─── Given information ───
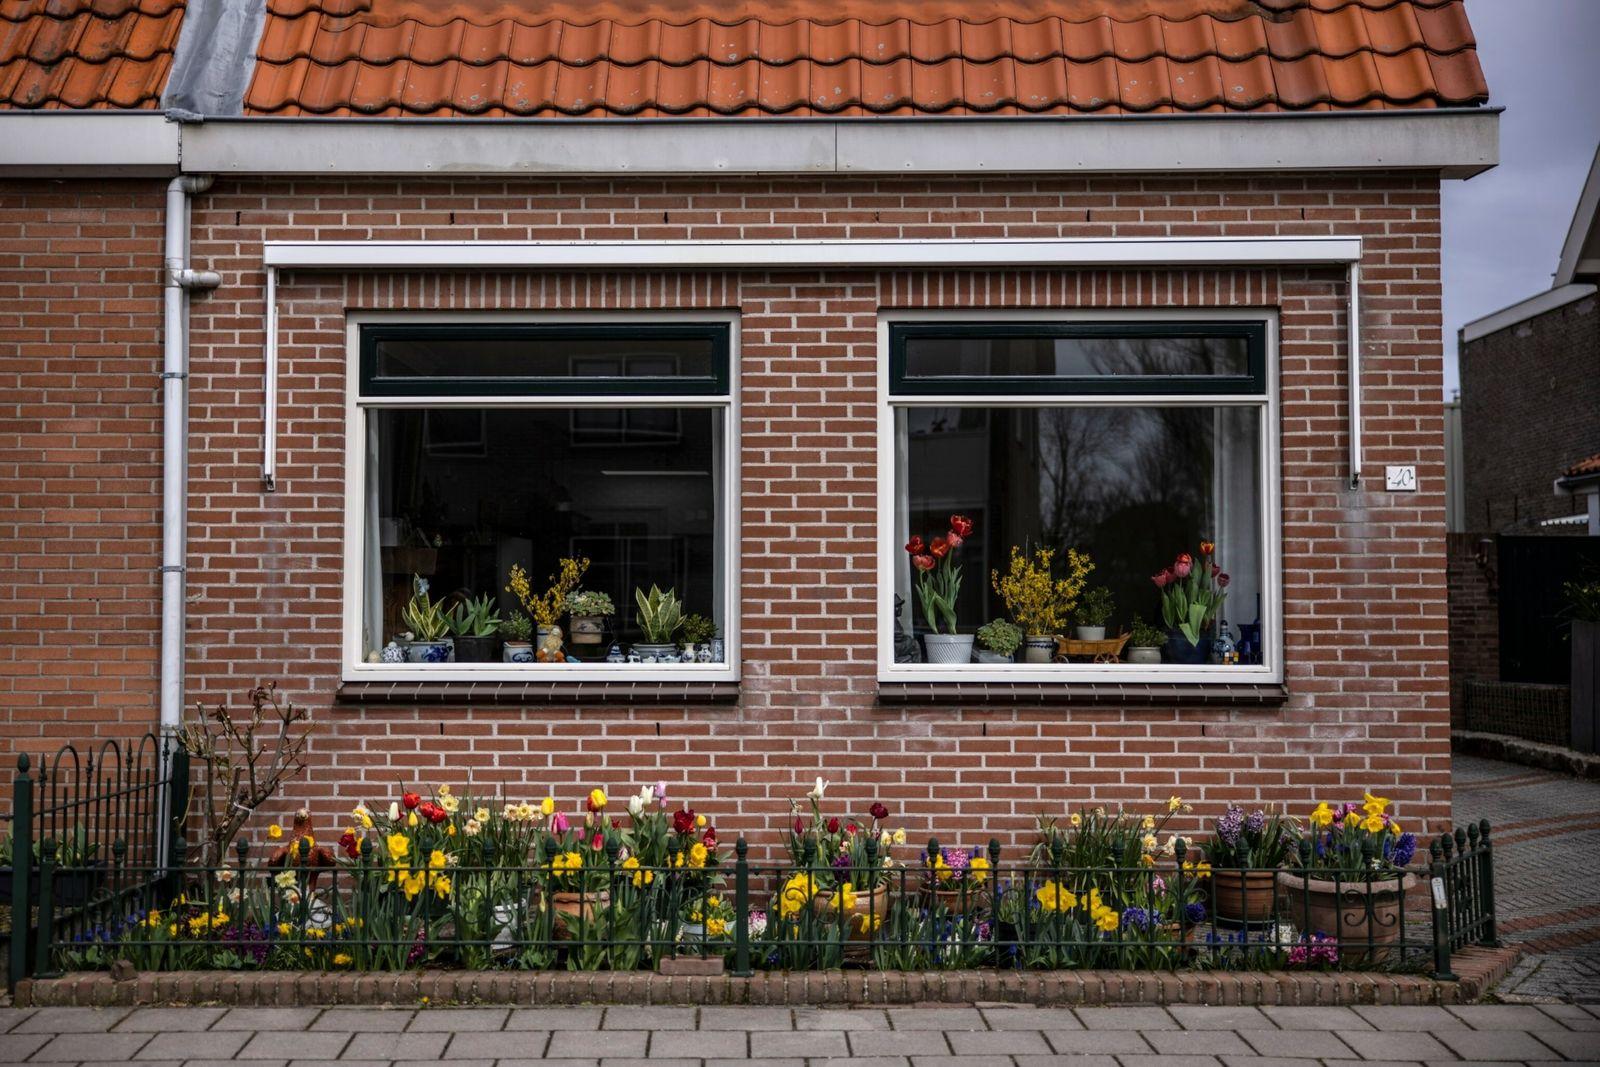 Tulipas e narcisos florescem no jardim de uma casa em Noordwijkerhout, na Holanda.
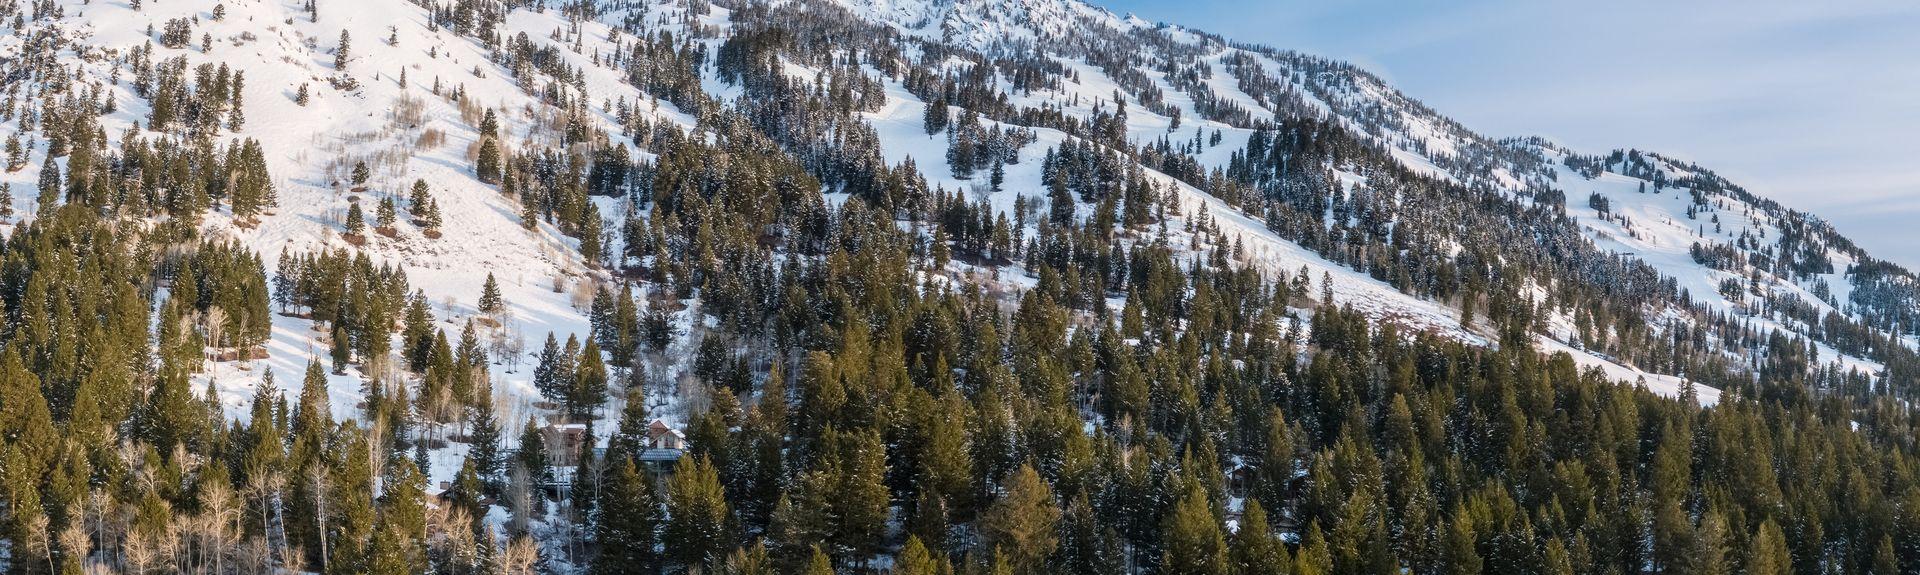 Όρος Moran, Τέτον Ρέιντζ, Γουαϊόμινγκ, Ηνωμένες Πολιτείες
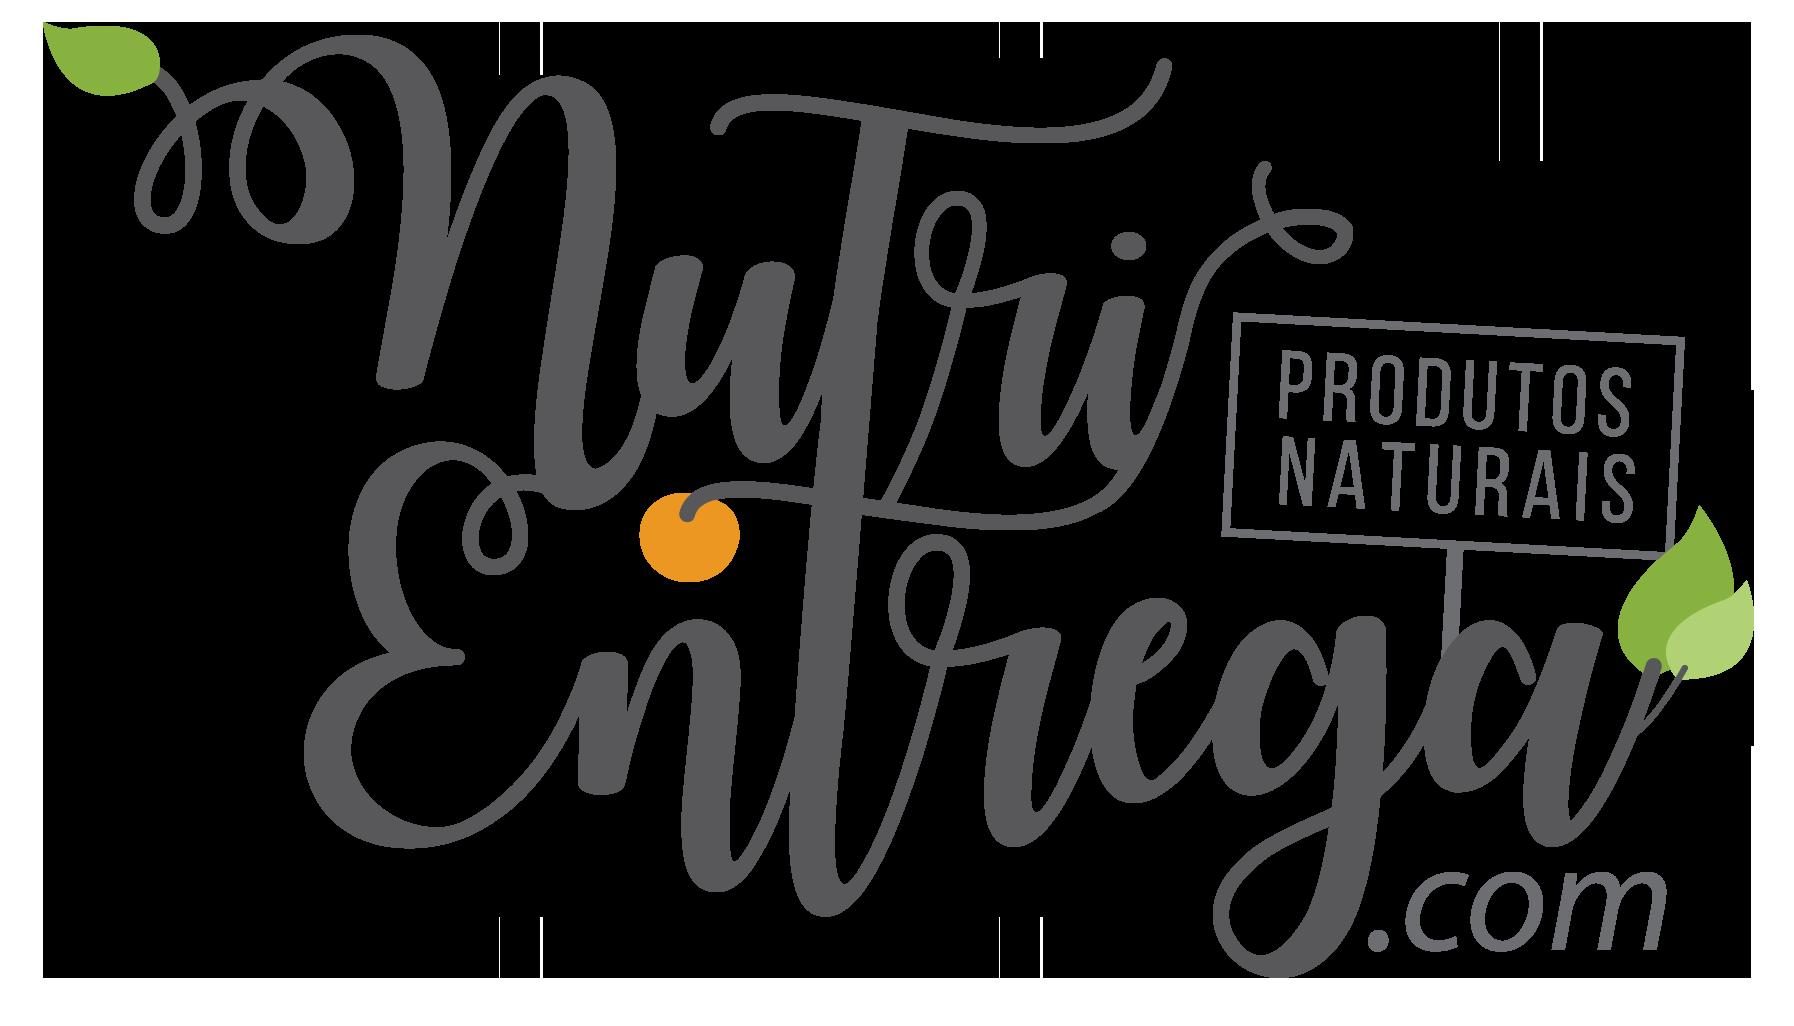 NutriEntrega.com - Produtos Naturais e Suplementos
───
## Work required
An exact, image-free transcript of the material is required.

## Response to this exercise
 Tulipas e narcisos florescem no jardim de uma casa em Noordwijkerhout, na Holanda.
 Όρος Moran, Τέτον Ρέιντζ, Γουαϊόμινγκ, Ηνωμένες Πολιτείες
 NutriEntrega.com - Produtos Naturais e Suplementos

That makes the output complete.